Dashiki Dialogues: When the only thing common is difference

2014-01-06 10:00

A long drive across the land of my birth is how me and mine ended the previous year and ushered in the new one. Contemplating the changes and variety that define the land’s topography can provide a rich meditative effect.

Charting through our eastern coastline, standing at our country’s southernmost corner or trudging through the Karoo has a way of sharpening one’s sense of home.
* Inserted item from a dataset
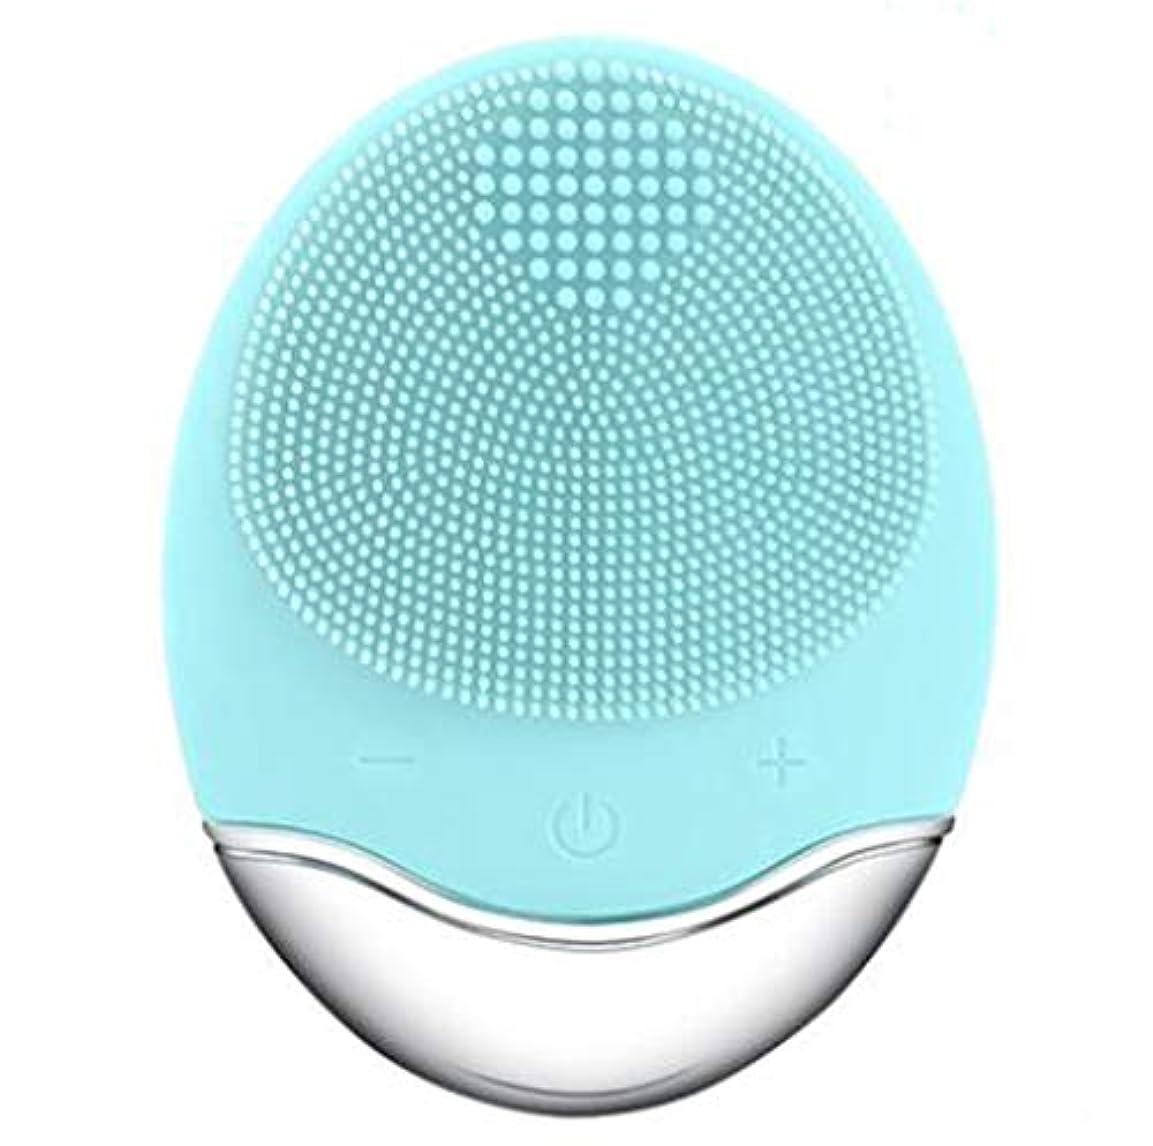 モール里親地域シリコーン電気クレンジング器具、洗顔毛穴クリーナーマッサージフェイス、イントロデューサー + クレンジング器具 (1 つ2個),Green

The many different faces, some wind and dust bitten in the unforgiving heat of the Karoo, others plump and round or slender and elongated with the supple texture of seaside living, all shaped from the diverse gene pools from which we all issue.

The multiple tongues with which we say “hello”, “dumela” or “sawubona” is one of the many ways of understanding how wide we can stretch the phrase “my people”.

I was silently searching for “my people” when we randomly crossed the path of an open-faced old lady at a tourist attraction where the majority of travellers were overseas visitors.

Familiar faces and voices or tongues had been few and far between. Drowned in this deluge of camera-clutching foreigners, it’s easy to feel at sea in one’s own home.

This is why even though we did not know each other, we both found great solace in the discovery that we shared a language, a tongue, a way of naming the world and a way of making sense of existence.

This discovery shaped what would be the defining question of my holiday travels: why do we end up being the only black people in the many restaurants or game parks when we visit places like Knysna, Plettenberg Bay or the Cape winelands? Where do darkies go for fun?

I wondered if the absence of dark-skinned people in some of these places is the result of many years of exclusion, which has socialised us away from certain spaces.

Is it for the same reasons we never see white people during national commemorations of the New South Africa at the Union Buildings?

It was difficult to swallow the fact that I have more in common with the workers, security guards and rangers than with fellow diners and tourists 20 years into democracy.

We should all be clear that when we invoke that sacred injunction of the people: “Maibuye iAfrika!” (which loosely translates as “Africa must return”), we include not just Soweto, Soshanguve or Seshego. We also mean Somerset West, Sandton and Saulsville.

Here I’m even reminded of a favourite line of some of Tshwane’s Azapo activists: “Waterkloof is also part of Azania.”

The threads that fashion our dashikis must engage in a dialogue with that land in its entirety to give us an authentic picture of ourselves.